» Information supplied
▼▼▼

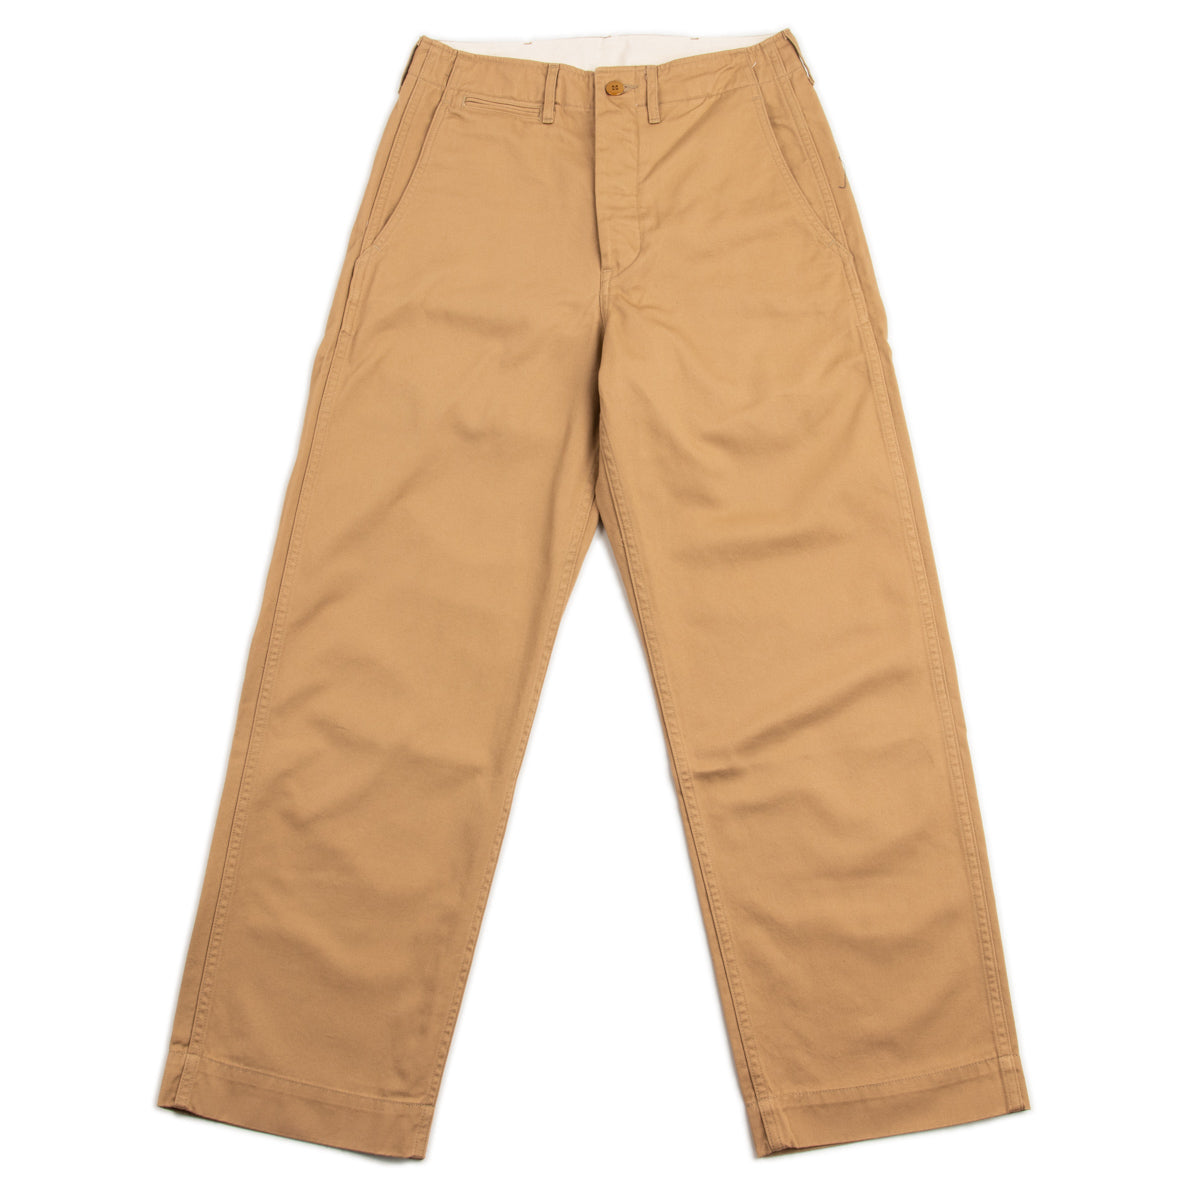 Men's Every Wear Athletic Fit Chino Pants - Goodfellow & Co™ : Target
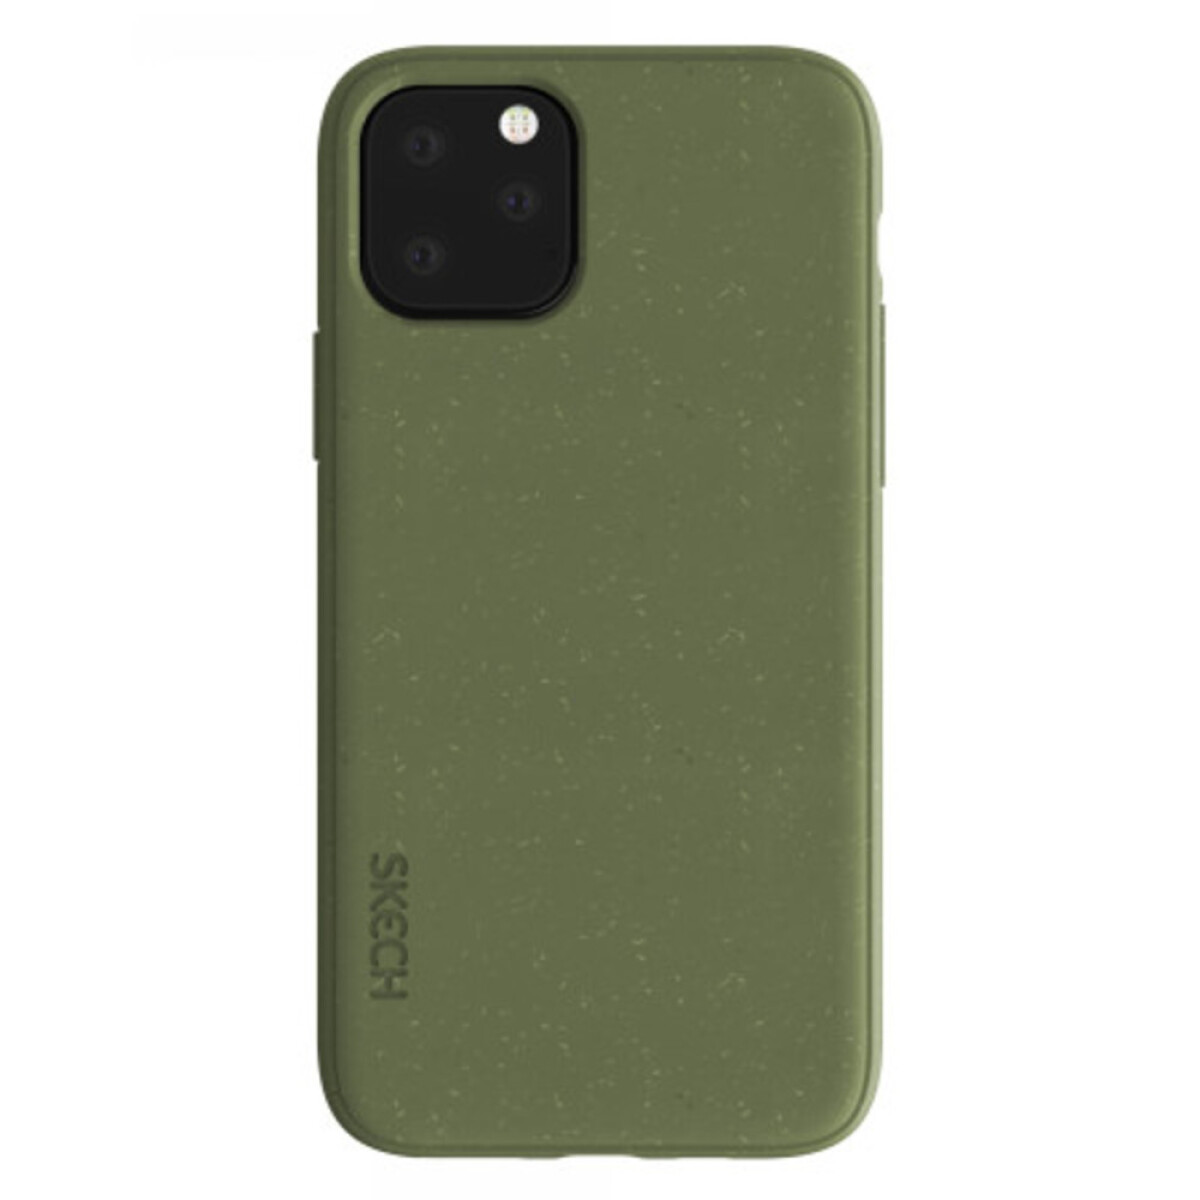 Max BioCase SKECH Olive Bookcover, olive, iPhone Pro Pro 11 Max, Apple, iPhone 11
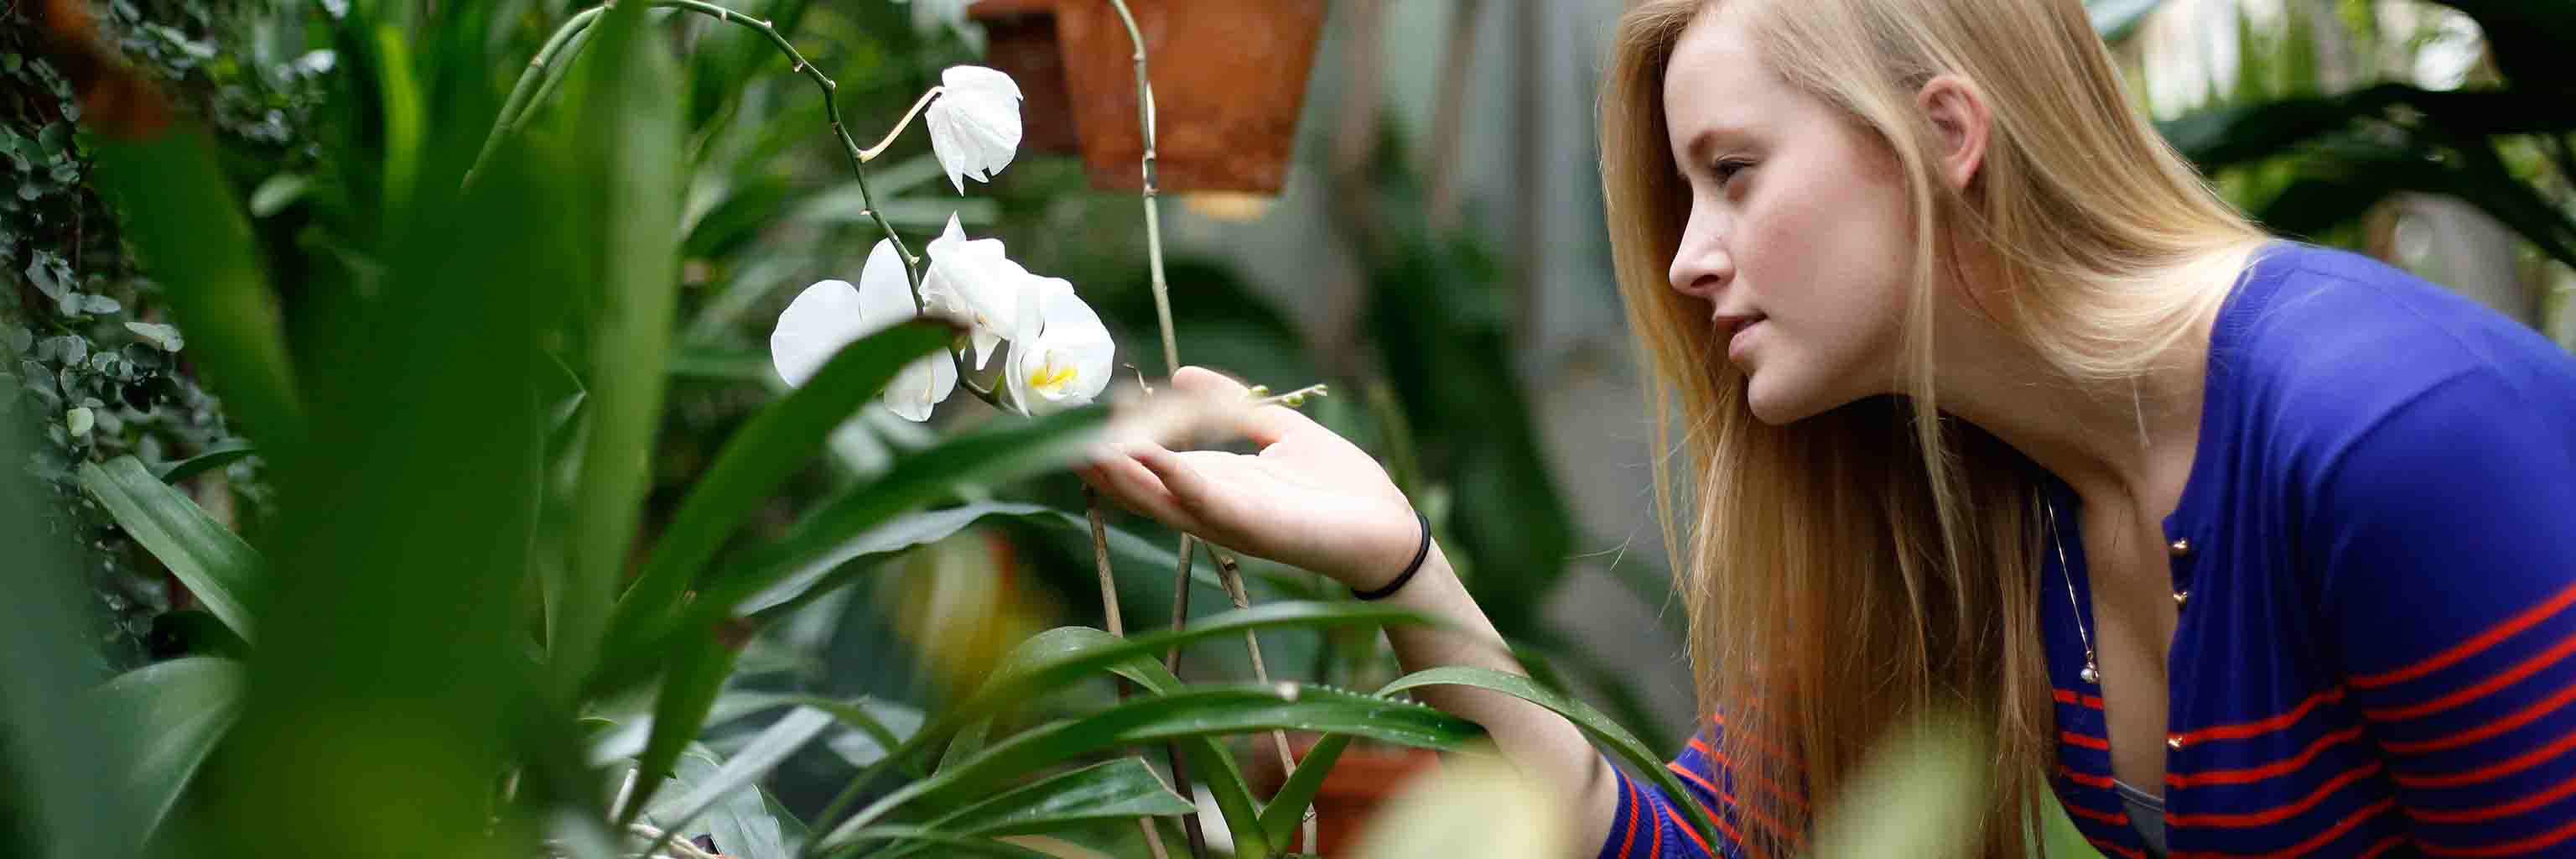 A young woman examines a flower.

▲▲▲

» Task
Everything in the listing above is to be given again exactly, apart from the pictures.

» Result
 Men's Every Wear Athletic Fit Chino Pants - Goodfellow & Co™ : Target
 Max BioCase SKECH Olive Bookcover, olive, iPhone Pro Pro 11 Max, Apple, iPhone 11
 A young woman examines a flower.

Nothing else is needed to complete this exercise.